Let’s consider these facts.
- Stocks have performed well under both parties historically.
- The conventional wisdom isn’t always right. Recall that stocks weren’t supposed to do well with a Trump win, as some investors believed a Hillary Clinton presidency would offer continuity… and markets don’t like uncertainty. But market returns under President Trump have been remarkable, making many forget the volatility that immediately followed the 2016 election.
- Compromise and gridlock may engulf a dominant party, as a one-sided win tends to expose party divisions. Remember how Republicans would quickly repeal Obamacare?
Some investors fret that a Biden win would lead to higher corporate taxes and heap more regulations on businesses. However, that is most likely only if there is a Democratic sweep of the presidency and both houses of Congress. It that case, might we see significantly more fiscal stimulus, which could support shares in the near term?
Nevertheless, if Biden is elected, his proposed tax hikes are significant. If passed those tax hikes may impact the earning per share of S&P 500 companies and, consequently, stock prices in the intermediate term… or not.
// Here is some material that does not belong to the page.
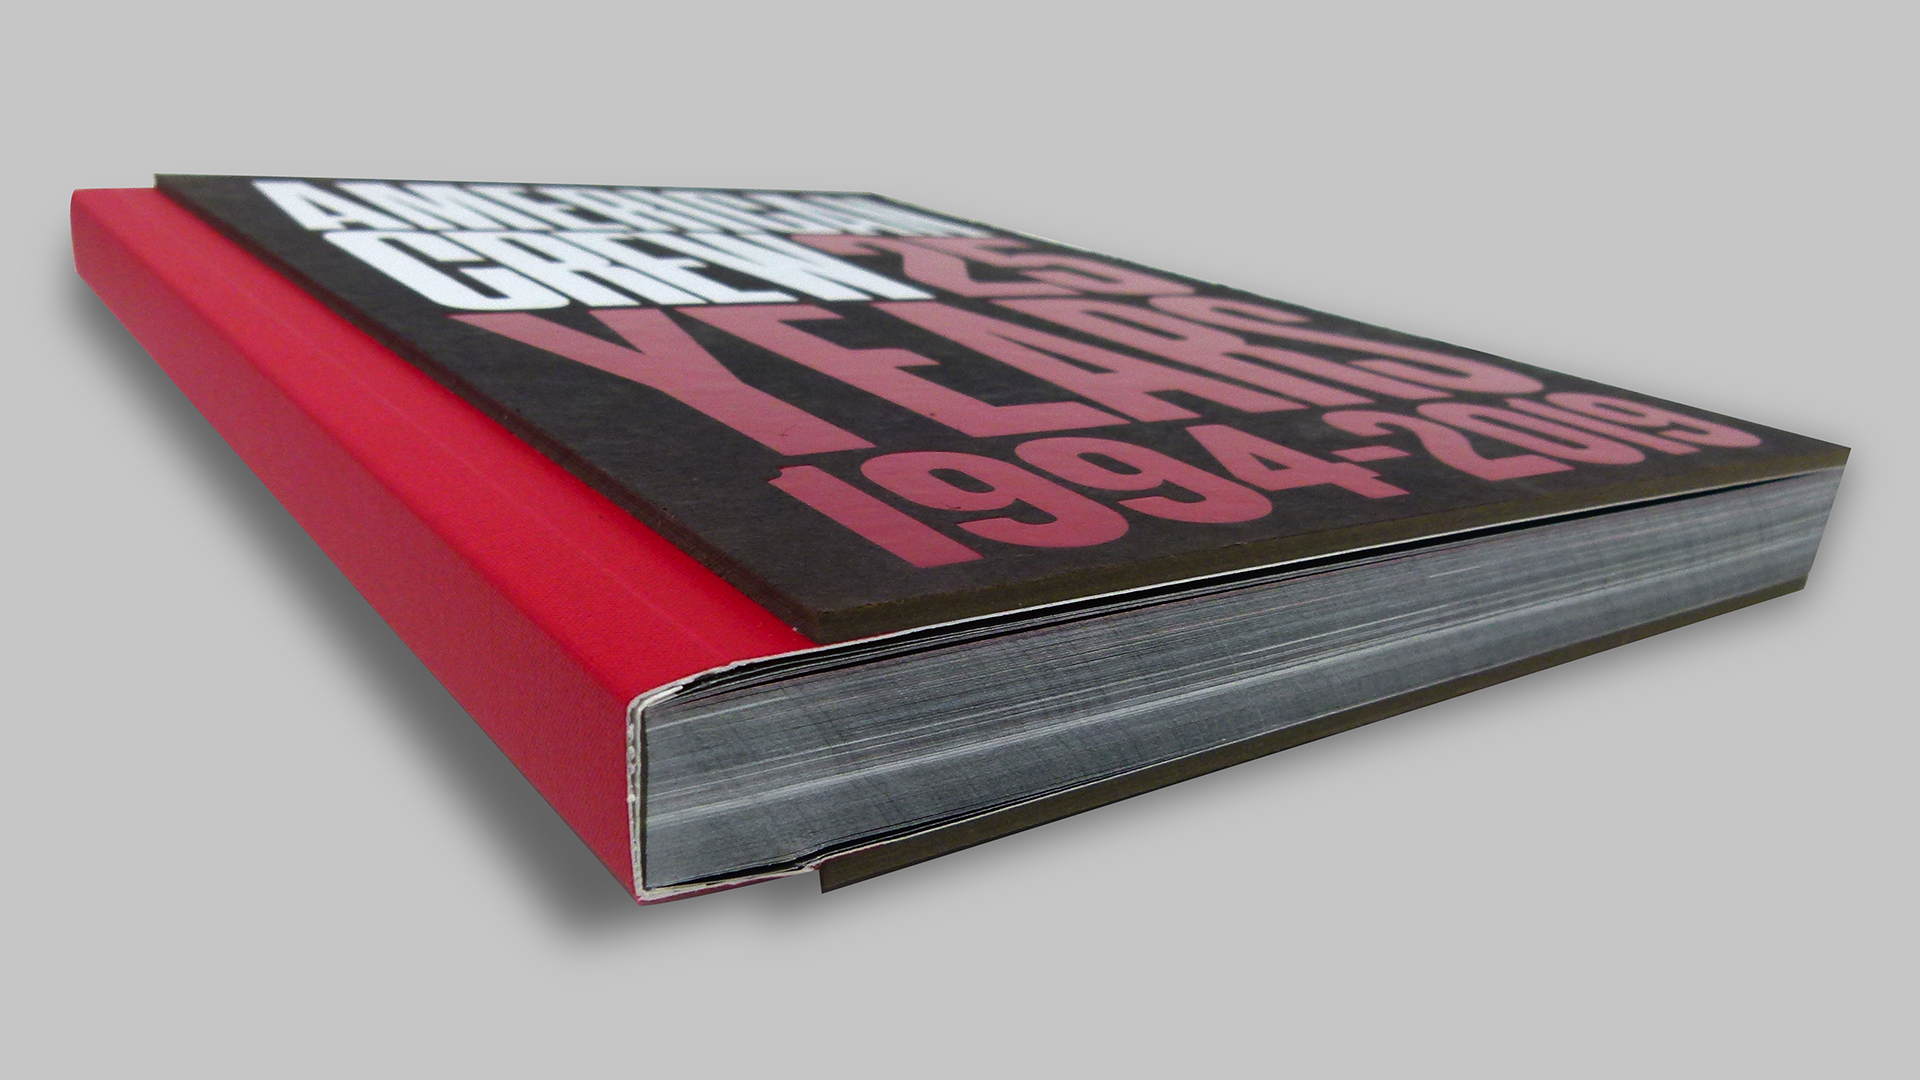 Coffee Table Book Design: 'American Crew 25 Years' - PaperSpecs

Refer to market performance after the 2016 election.
As far as specific equity sectors, according to JP Morgan’s Meera Pandit, CFA: Policy, not politics, should have a more lasting impact on market returns. Under a second Trump administration, deregulation would likely continue, which has benefited financials and some of the more traditional energy companies. Both administrations would likely pursue large infrastructure packages, which could lift materials and industrials. Both parties have sought anti-trust measures for some of the leading technology companies, so any outcome is likely to put pressure on the technology sector.
Regardless of who is in the White House, should a divided government remain it would likely continue to curtail ambitious policy initiatives of either Trump or Biden.
Longer term, stocks march to the beat of the economy, Fed policy and corporate profits. A growing economy fueled by innovation and entrepreneurship has been the biggest driver of stocks over many decades. That’s not likely to change regardless of who is President.
Final Thoughts
We remain bullish on the long-term prospects for the U.S. economy, yet we are always monitoring short-term risks.
While markets don’t always get it right, they attempt to price in the future. Markets are made up of millions of investors that have a financial stake in their decisions. Current price action suggests the economy will continue to improve, though the pace of improvement is uncertain.
The economy may not be the same when the pandemic and election is behind us, but we are a resilient people, we will persevere, and we will adapt. We are all in this… and we will get through it together.